Petra stabbed with her fork at the final square of mushroom ravioli, disappointed to have finished so quickly. Feeling overweight and undervalued, she envied the healthy meal her older sister had ordered. She already regretted revealing she was on a diet, felt hungry all the time and was lonely in the cramped flat she rented.
Jordan, fretful and fifty, pushed a salad round her plate, her thin face pinched with discontent. It was her turn to whinge about her troubles – an absent husband, two exhausting teenage sons, the dreadful telephone bill.
Hilary, elegant and in her seventies, had devoured her salmon quiche and satisfactorily aired her week’s cargo of woes: her widowhood, the pain of her arthritis, her neighbour from hell.
The three women met once a month on a Saturday for lunch. The conversation was dedicated to their problems. They played an elaborate female game where each one of them tried to make the others feel guilty for not having such a bad time as they were.
Hilary picked up the menu and with a knowing smile gave it to her younger daughter, who savagely shook her head.
Jordan, bracelets jingling on her slim wrist, patted her sister’s hand. “Go on, Petra, spoil yourself – have a wicked dessert. Don’t worry about the calories.”
This triggered Hilary’s jaunt into the past. “I was a child during the war. Eggs and cream were scarce and we rarely had puddings.
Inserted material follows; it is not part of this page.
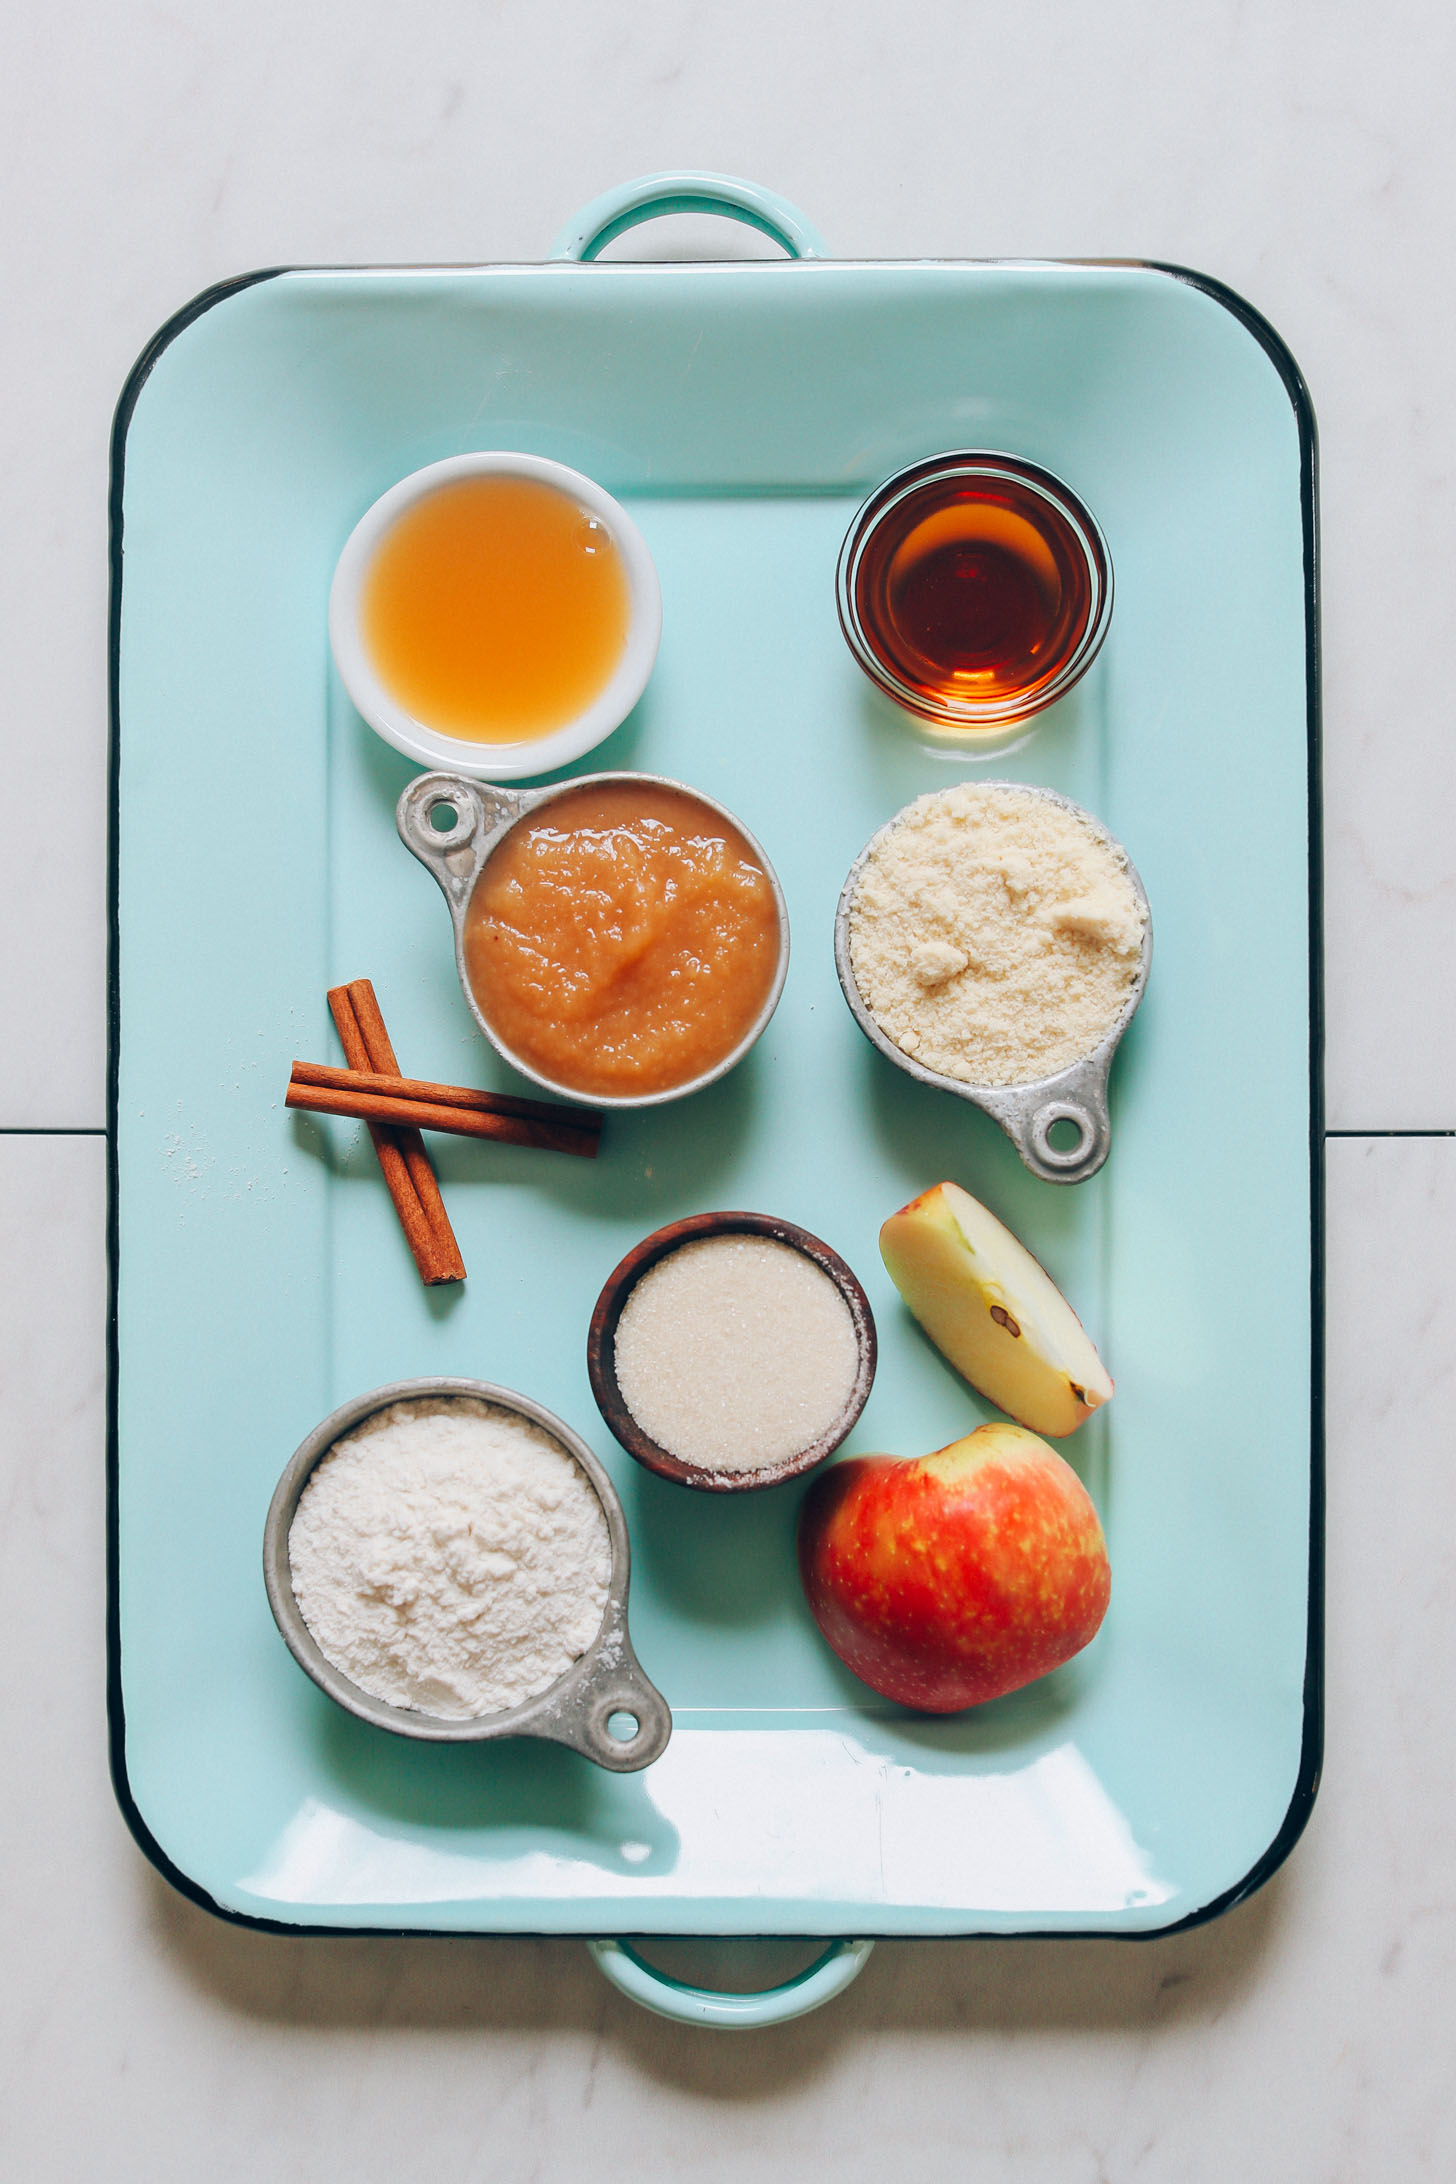 Tray with ingredients for making our gluten-free vegan Apple Cider Donuts recipe

You don’t realise how lucky you are ….”
Jordan, who had abandoned her chicken salad, interrupted. “Mummy, do tell us about about the times you longed to go travelling and had no time for holidays,” she teased.
The elderly woman patted her tight grey curls and looked wistful, “I called you both after a place and a country I always wanted to get to and never did: “A rose red city half as old as time.”
Petra put some money down on the table for her meal and tried to head off the inevitable. “We’ve heard all about your struggle bringing up two daughters with a husband on the dole and little money for food.”
“Life was difficult then,” said her mother with a frown. “You have it easy these days.”
“I find life hard now. The boys rampage around the house, ignore me and eat everything in the fridge,” Jordan wailed, turning to her sister. “I envy you the leisure of a single woman with nothing to do when she gets home from work.”
This made Petra livid. She decided to mutiny. “I love my life. My job’s great” (it wasn’t), “I’ve got a gorgeous new man” (she hadn’t), “I’m having a much better time than you two – and I refuse to feel bad about it!”
Her mother and sister stared at her in silence, amazed at this flagrant breach of the unwritten rules.
Petra stood up and announced, “The way to win the guilt game is not to play,” before stalking out of the restaurant.